■ Problem details
The answer must be an exact printing of every record below, with the pictures omitted.

■ Raw data
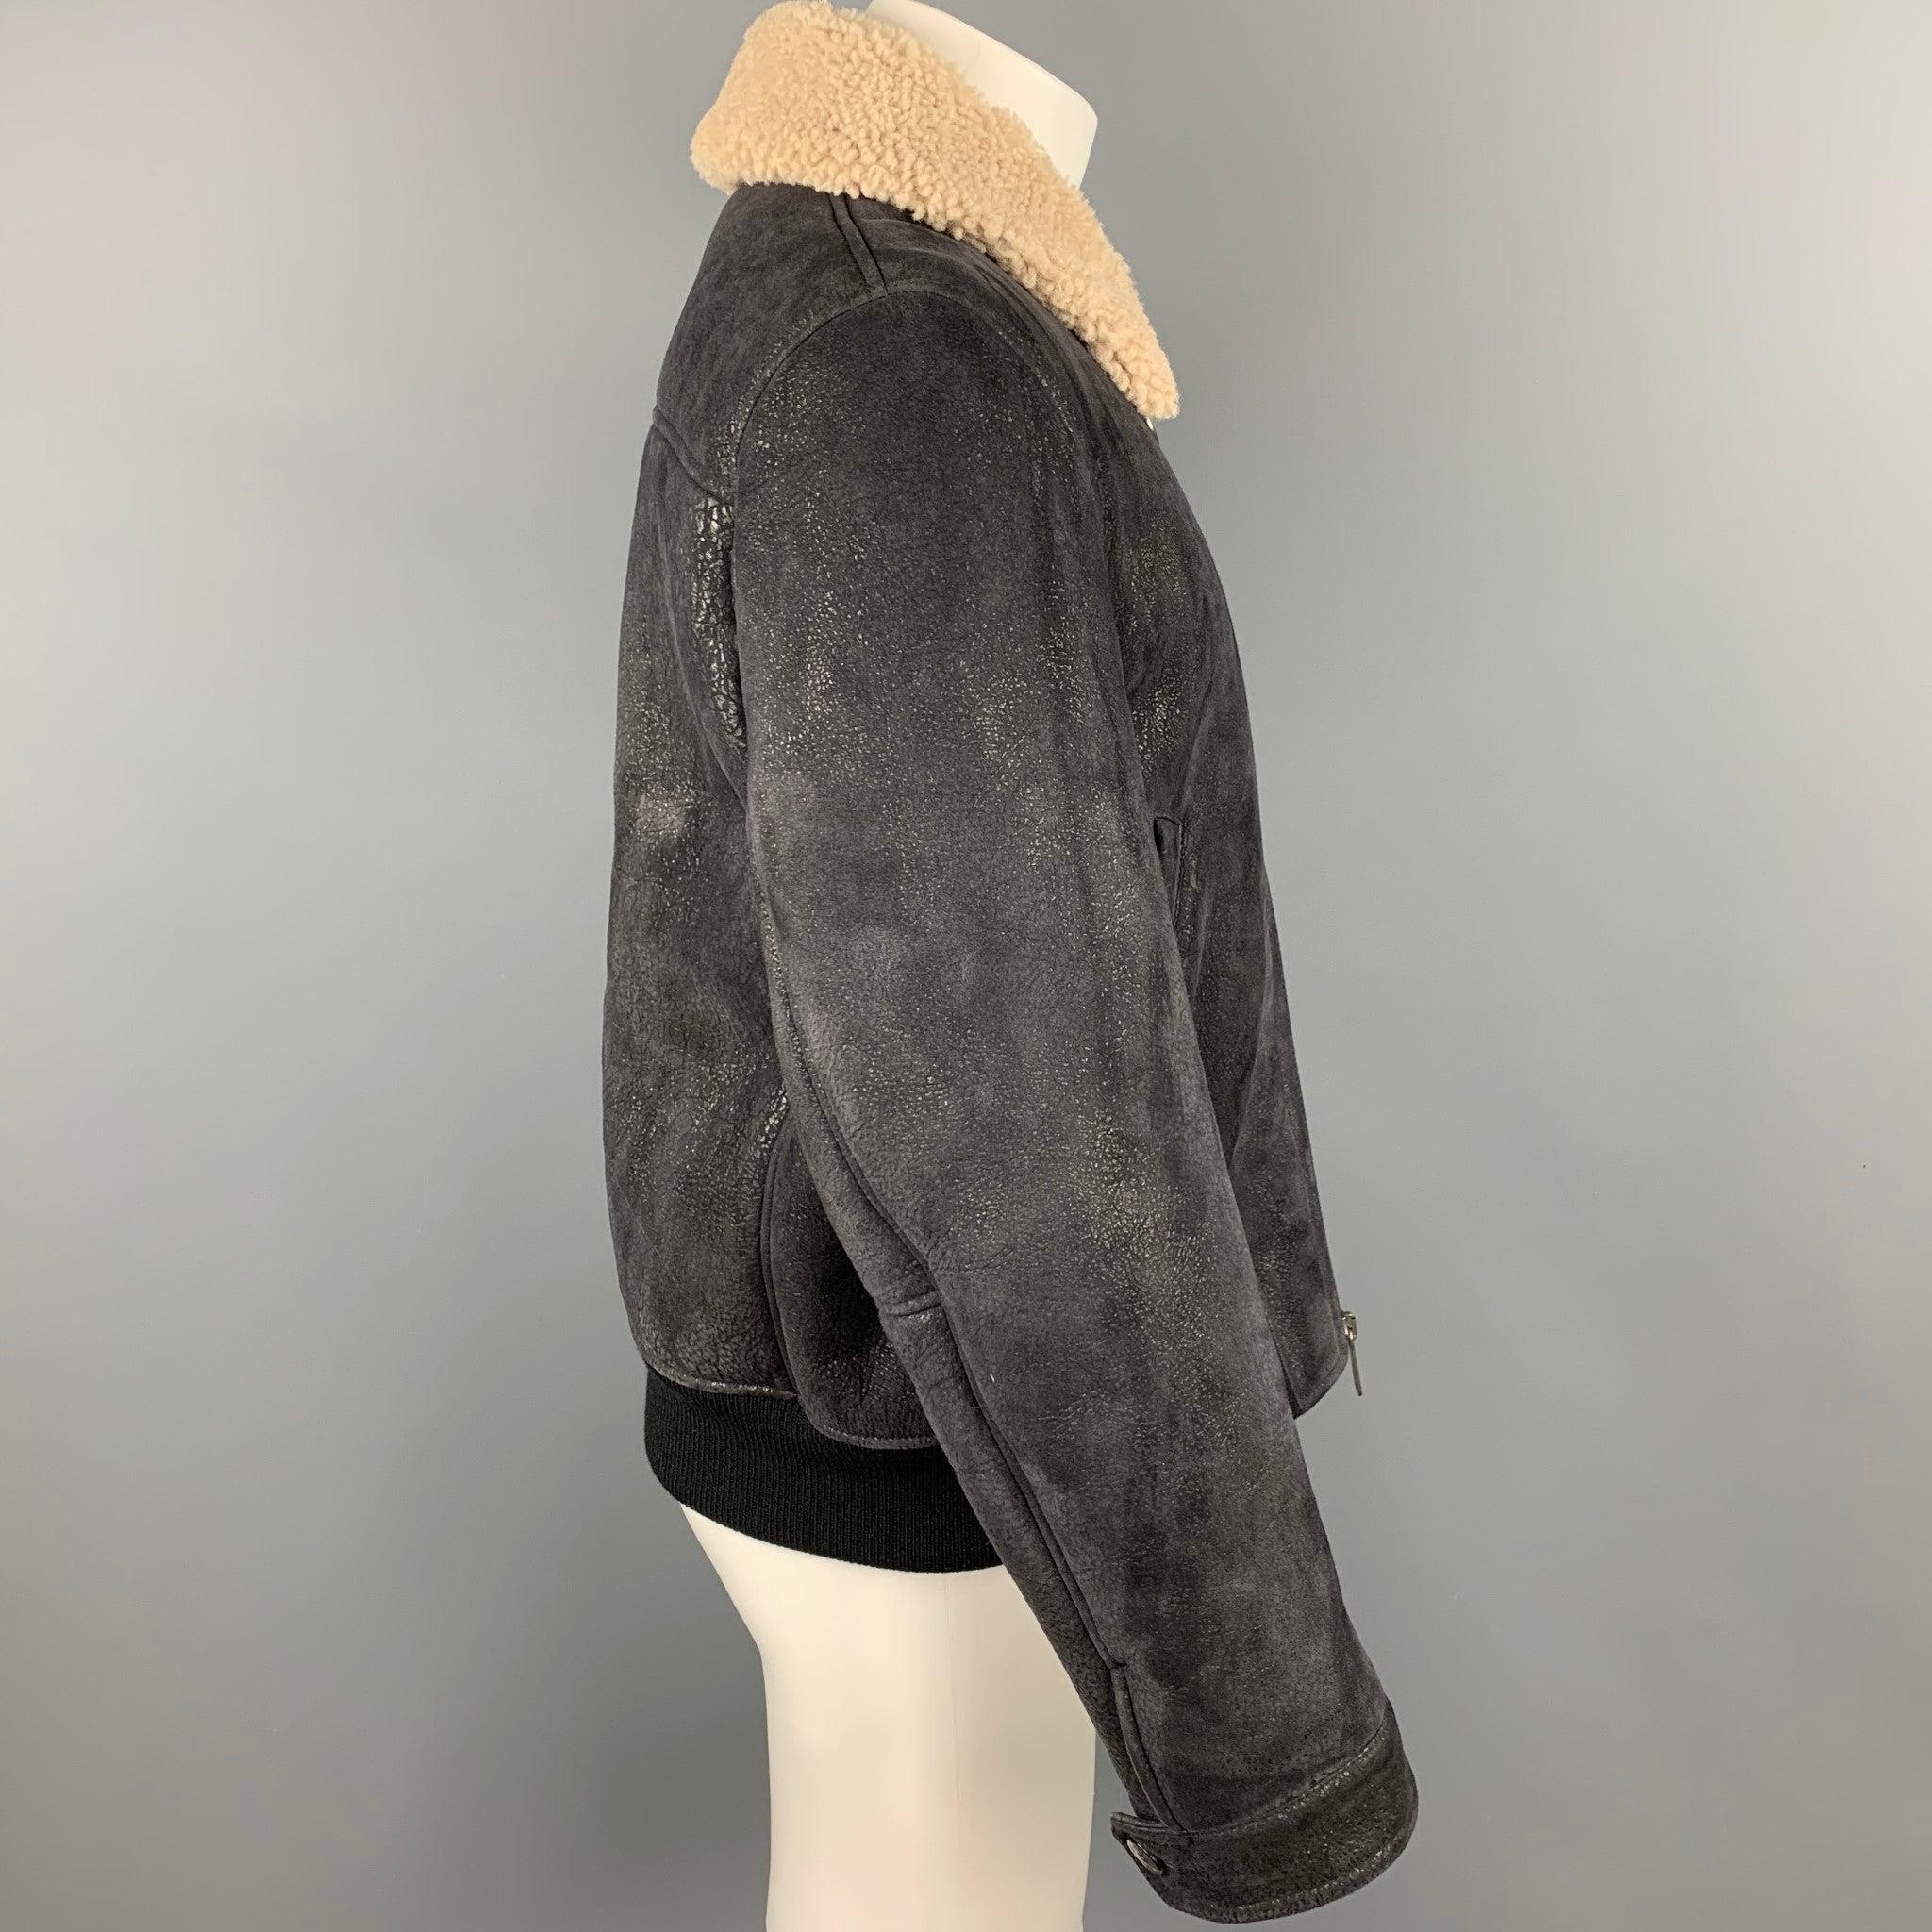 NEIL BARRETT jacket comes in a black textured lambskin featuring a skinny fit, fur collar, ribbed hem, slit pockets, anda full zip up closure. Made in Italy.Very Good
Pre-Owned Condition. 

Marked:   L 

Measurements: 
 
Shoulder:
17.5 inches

■ Answer
 NEIL BARRETT jacket comes in a black textured lambskin featuring a skinny fit, fur collar, ribbed hem, slit pockets, anda full zip up closure. Made in Italy.Very Good
Pre-Owned Condition. 

Marked:   L 

Measurements: 
 
Shoulder:
17.5 inches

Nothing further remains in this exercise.